[RAW DATA — start]

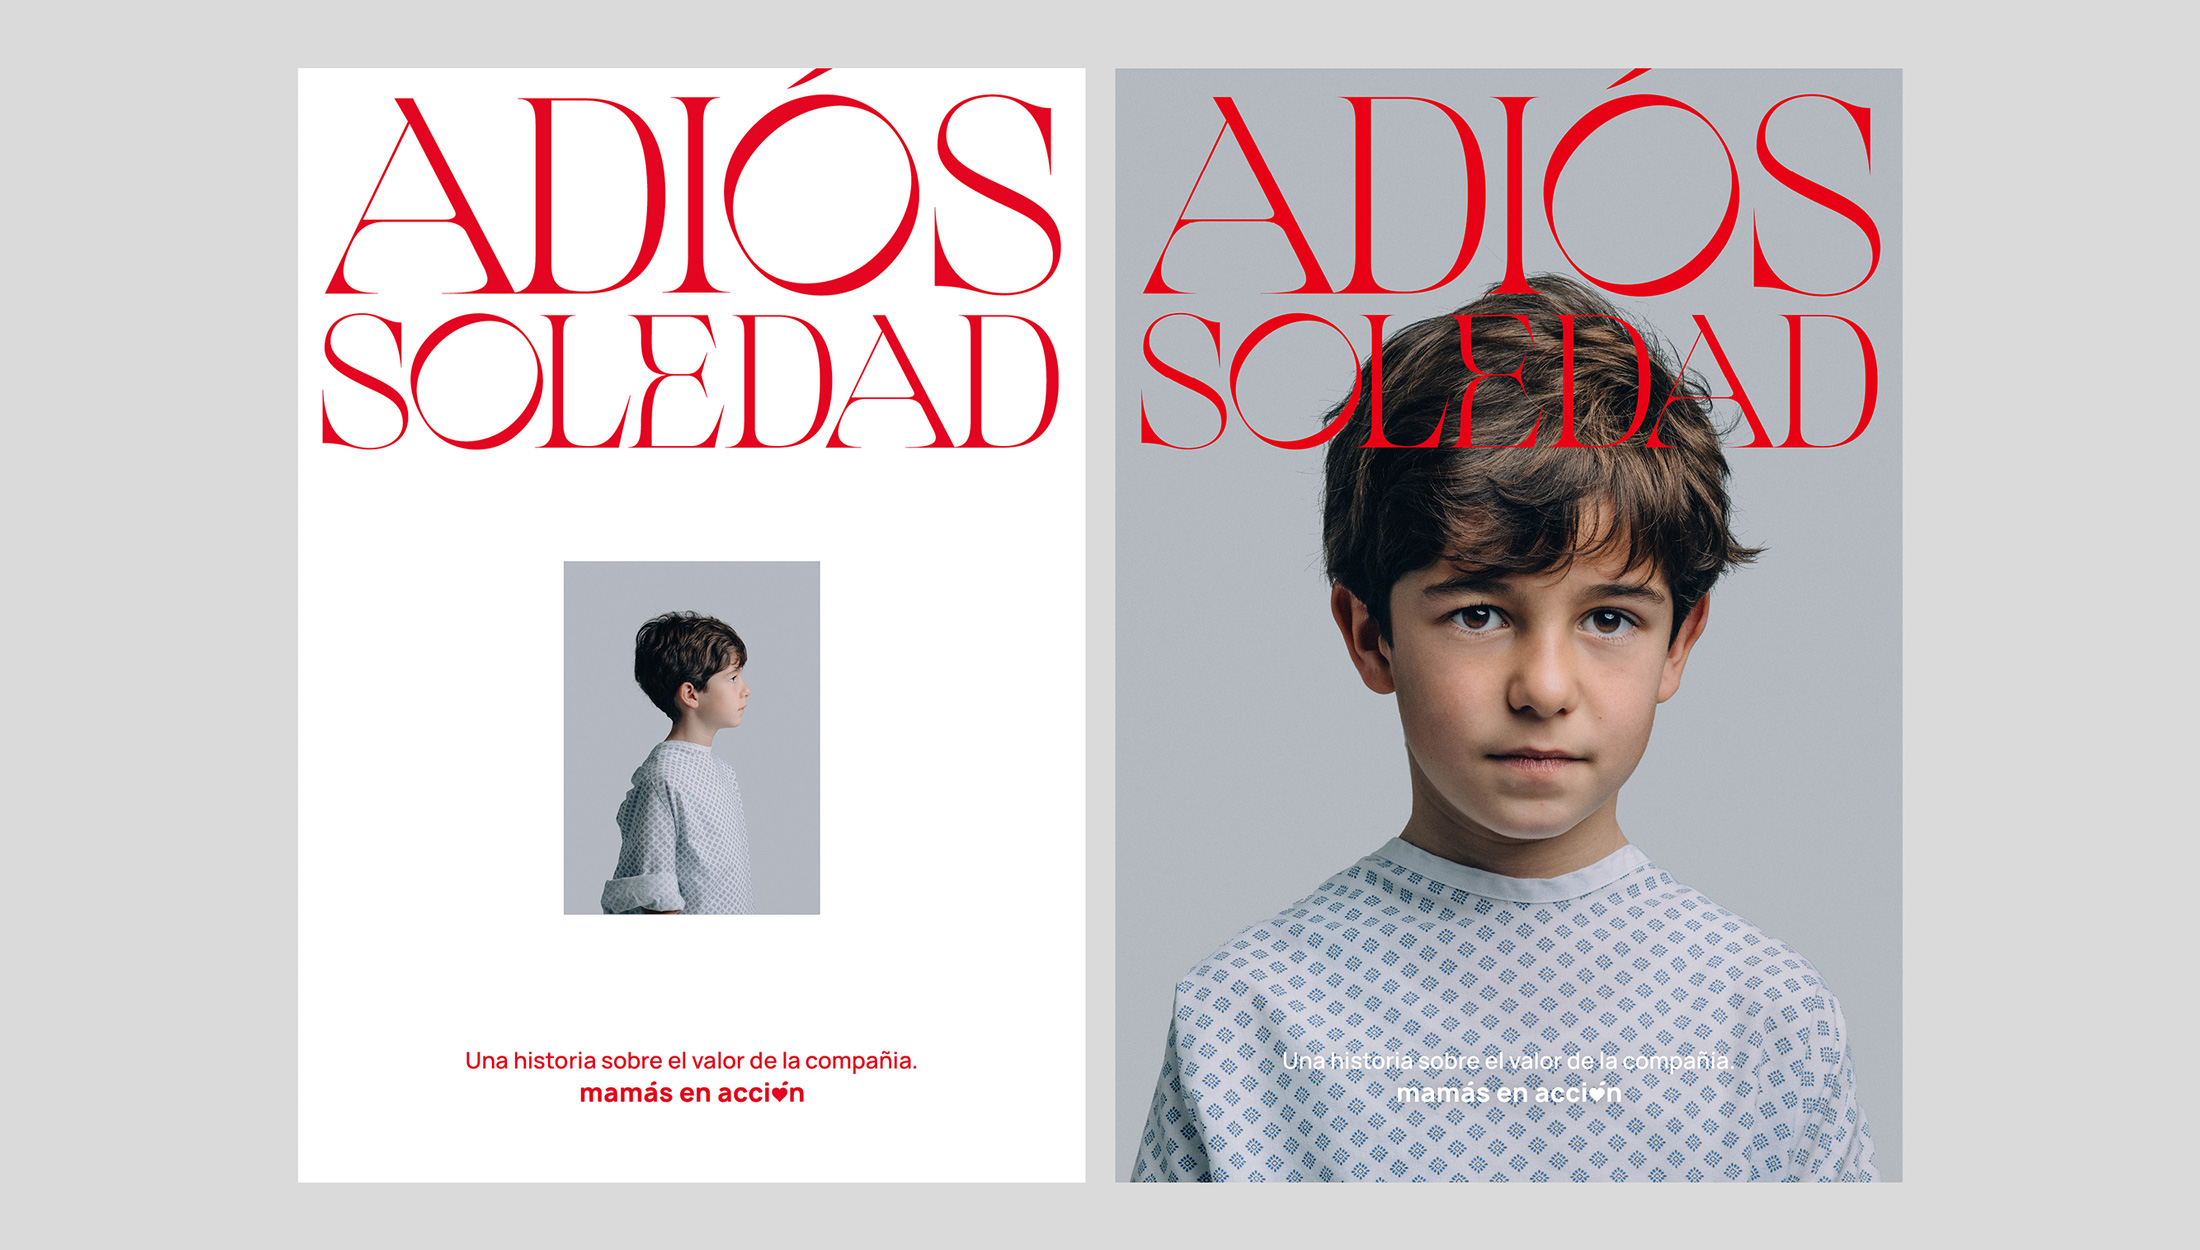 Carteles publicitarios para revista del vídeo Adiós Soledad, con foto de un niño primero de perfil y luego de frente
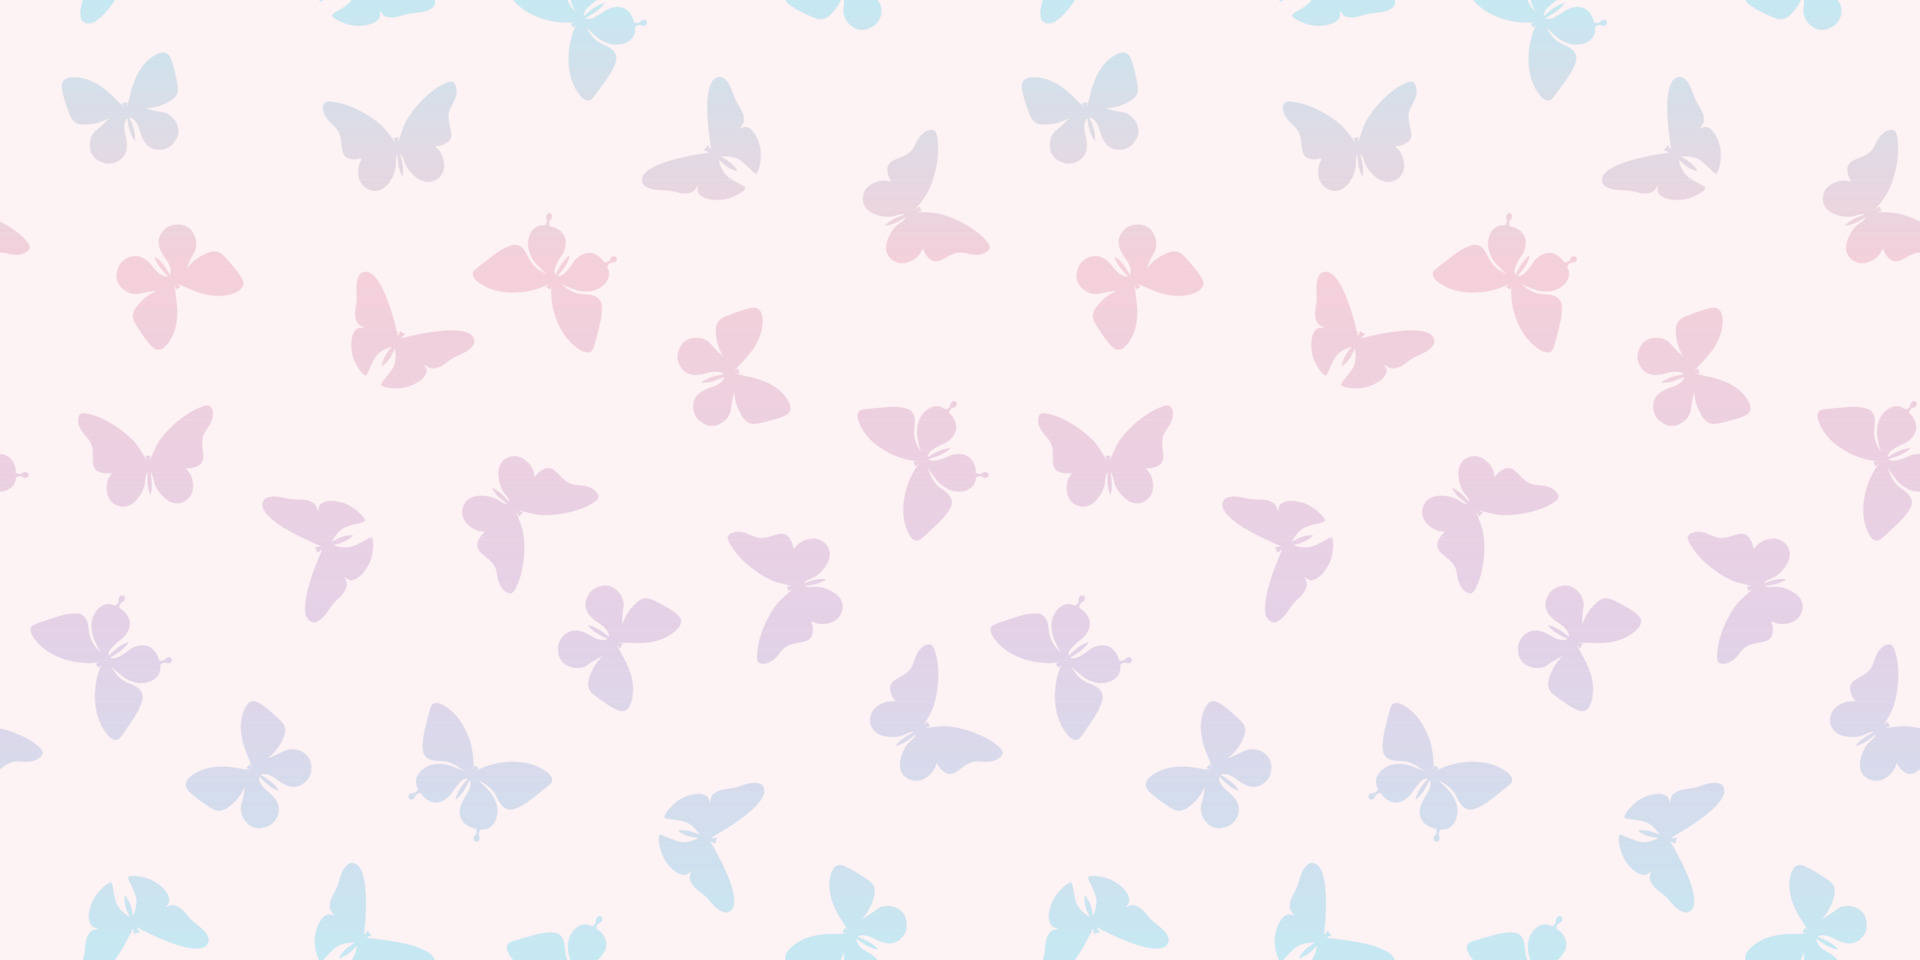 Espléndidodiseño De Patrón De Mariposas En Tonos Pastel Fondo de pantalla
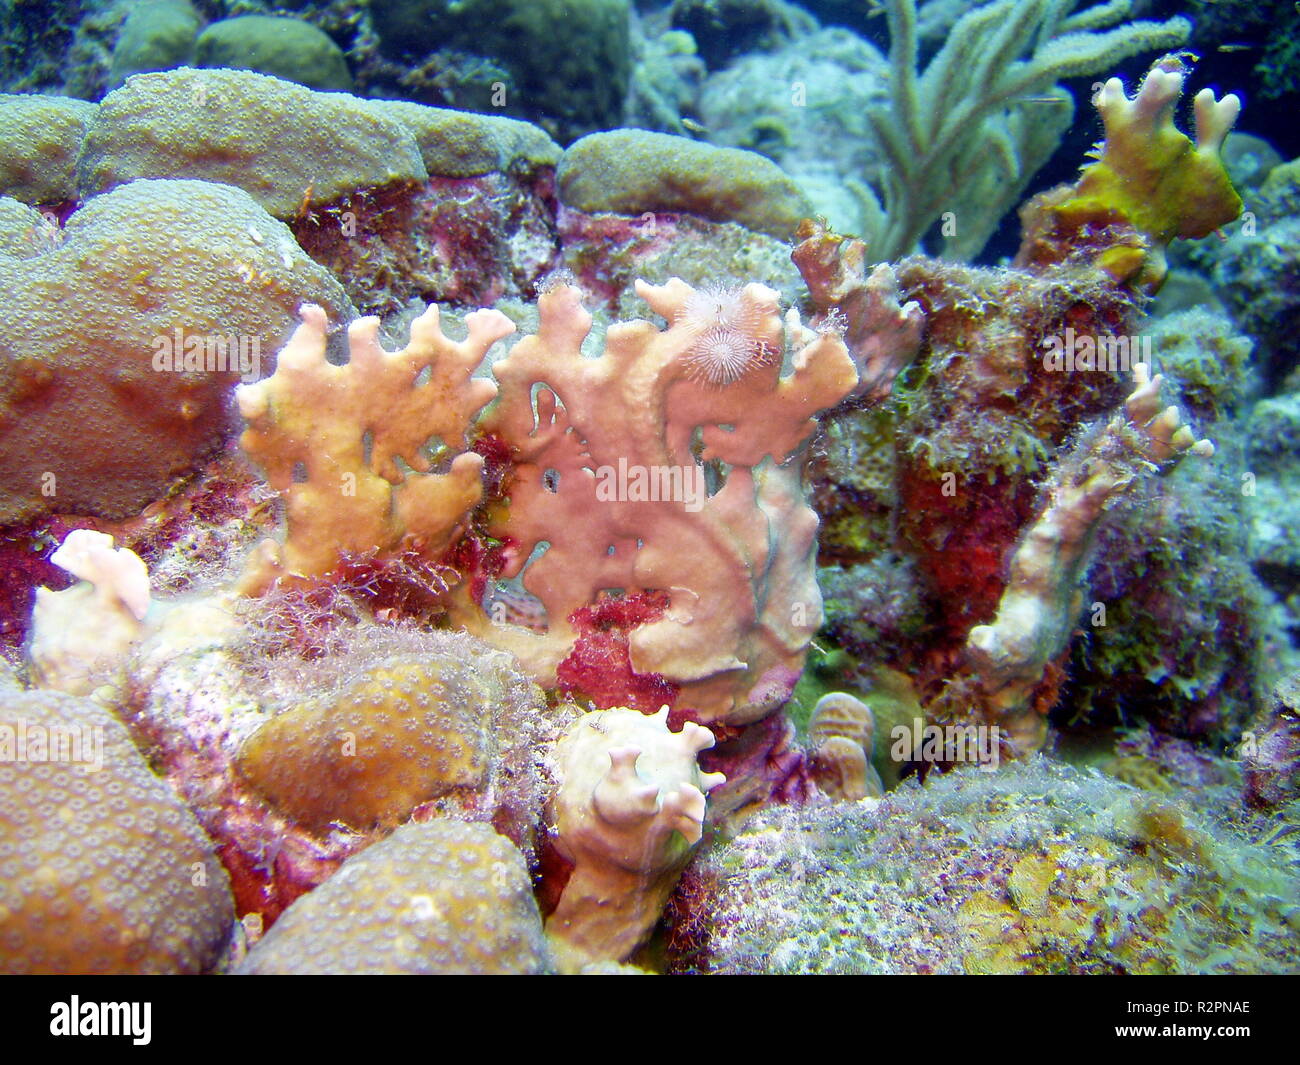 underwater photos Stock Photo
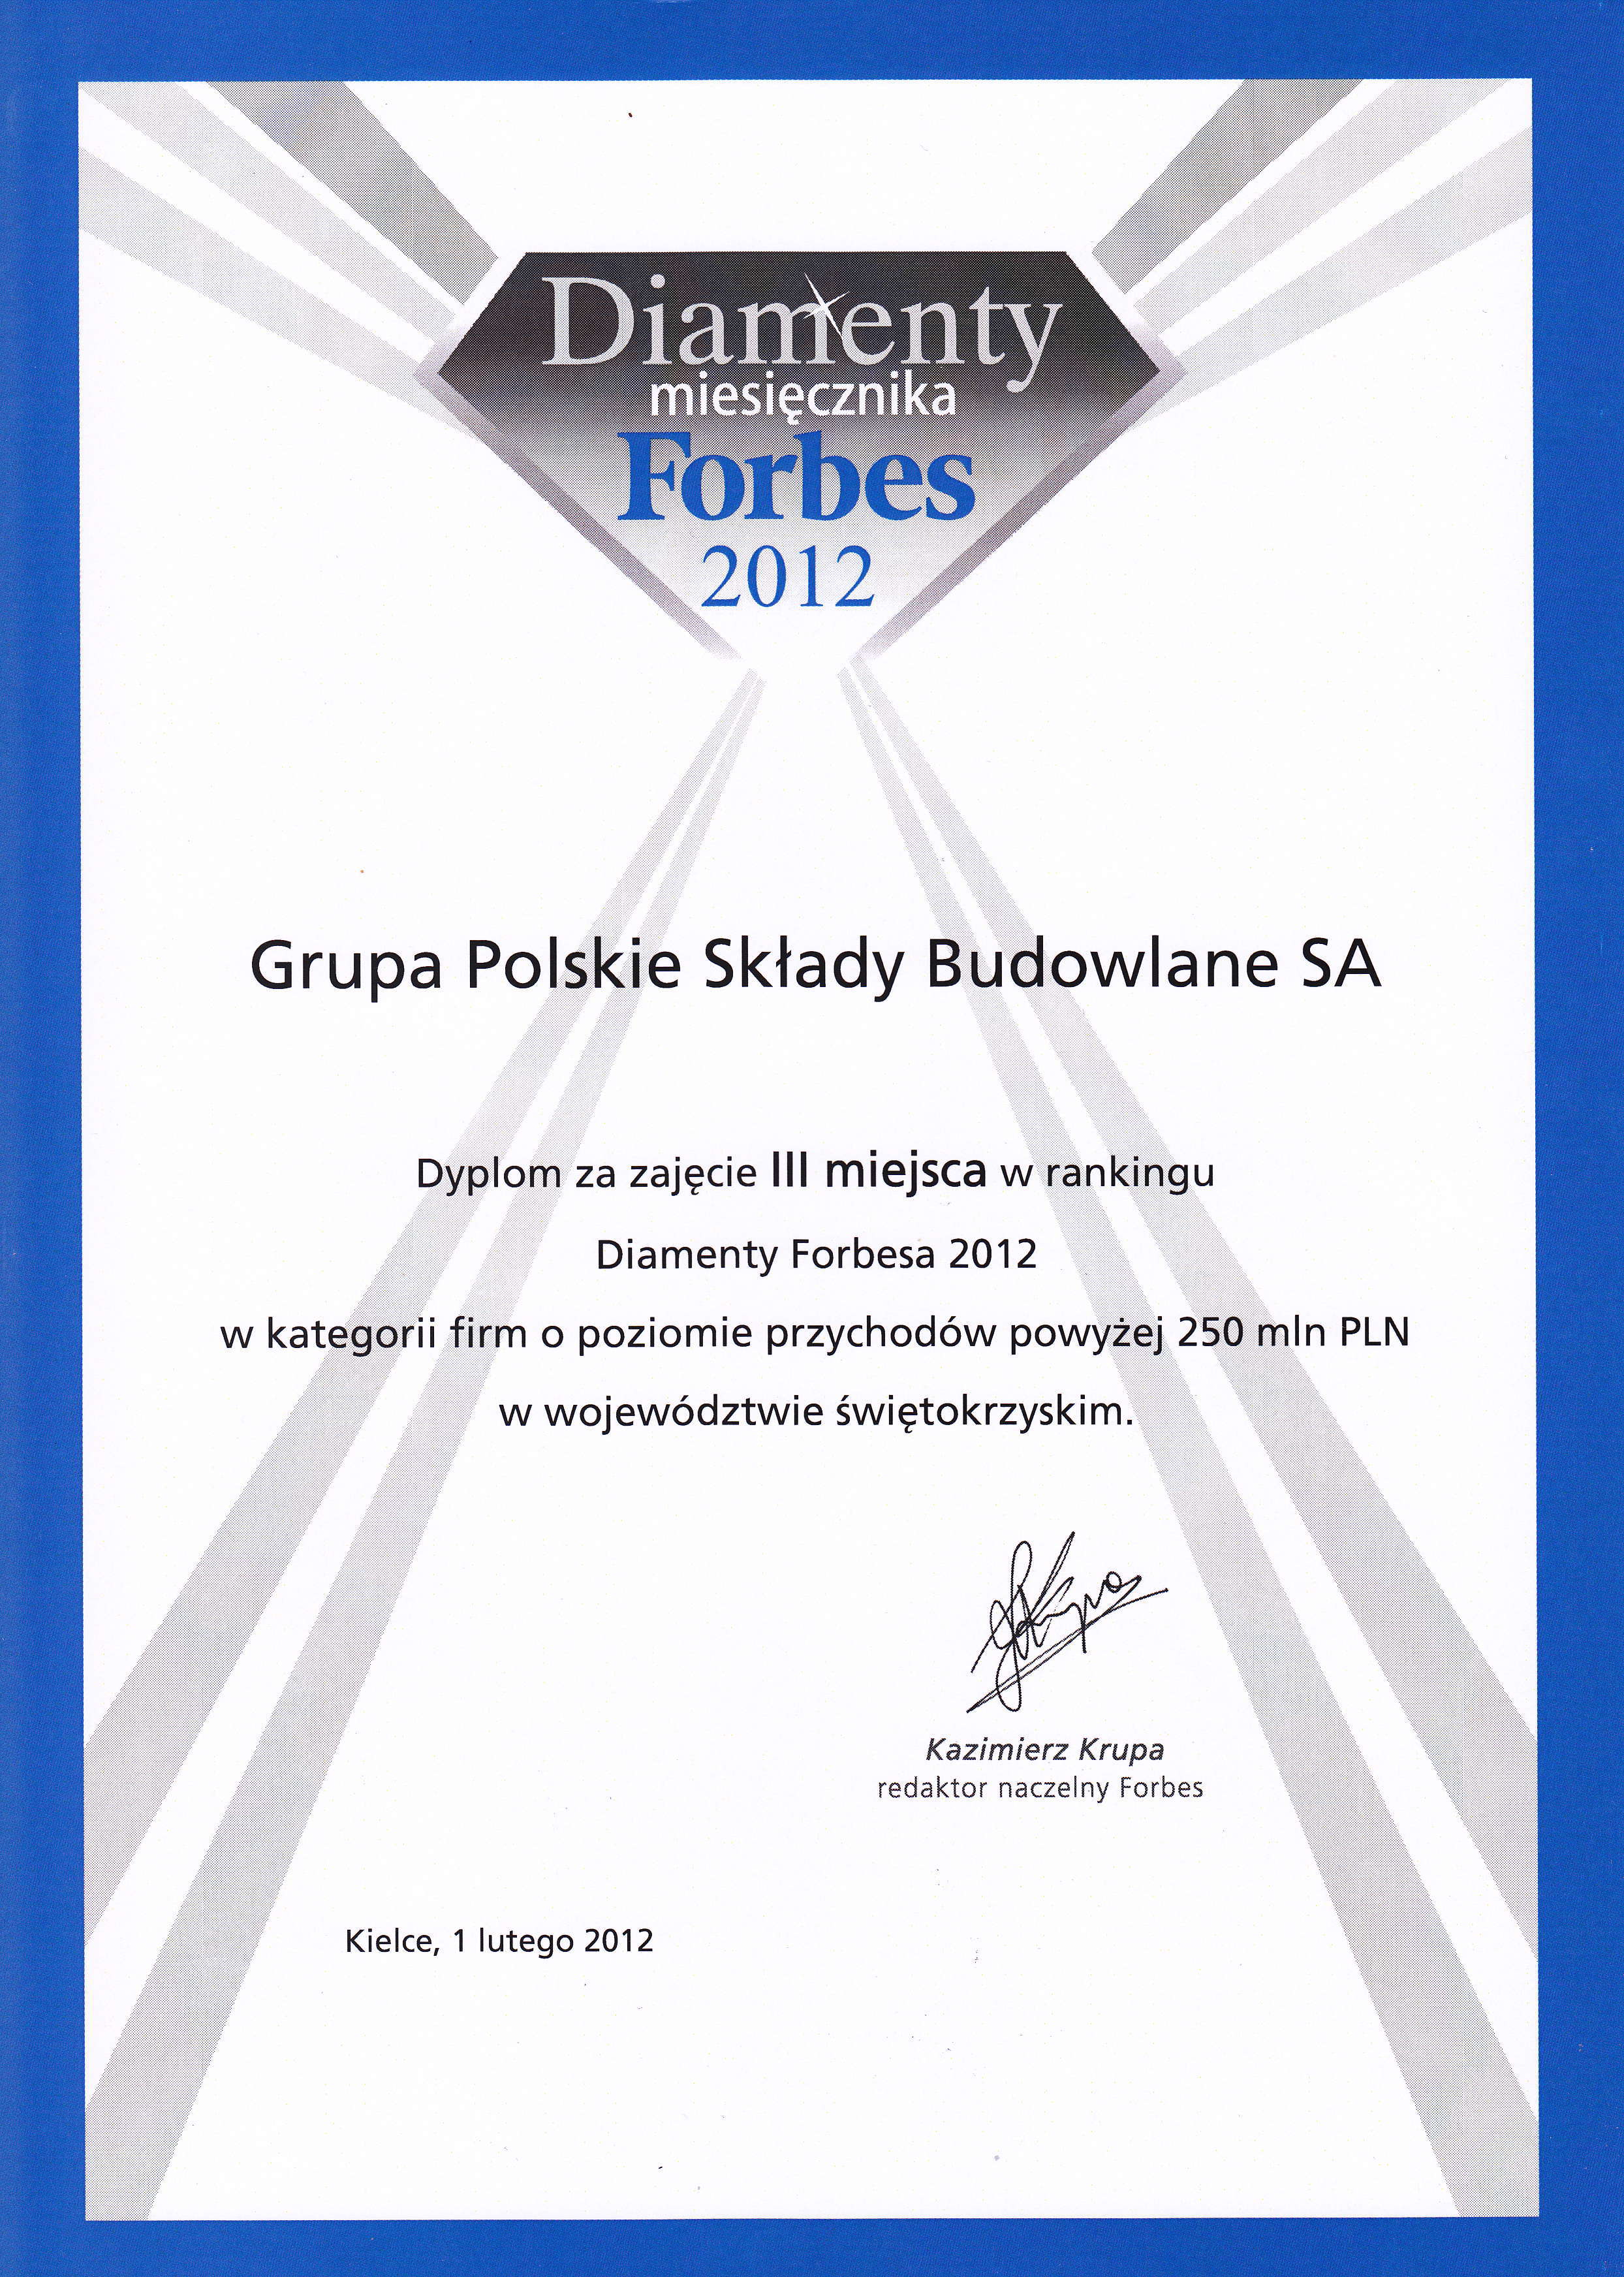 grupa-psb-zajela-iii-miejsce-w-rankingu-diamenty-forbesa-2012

[RAW DATA — finish]

Print the material word for word; images are to be left out.

 Carteles publicitarios para revista del vídeo Adiós Soledad, con foto de un niño primero de perfil y luego de frente
 Espléndidodiseño De Patrón De Mariposas En Tonos Pastel Fondo de pantalla
 underwater photos Stock Photo
 grupa-psb-zajela-iii-miejsce-w-rankingu-diamenty-forbesa-2012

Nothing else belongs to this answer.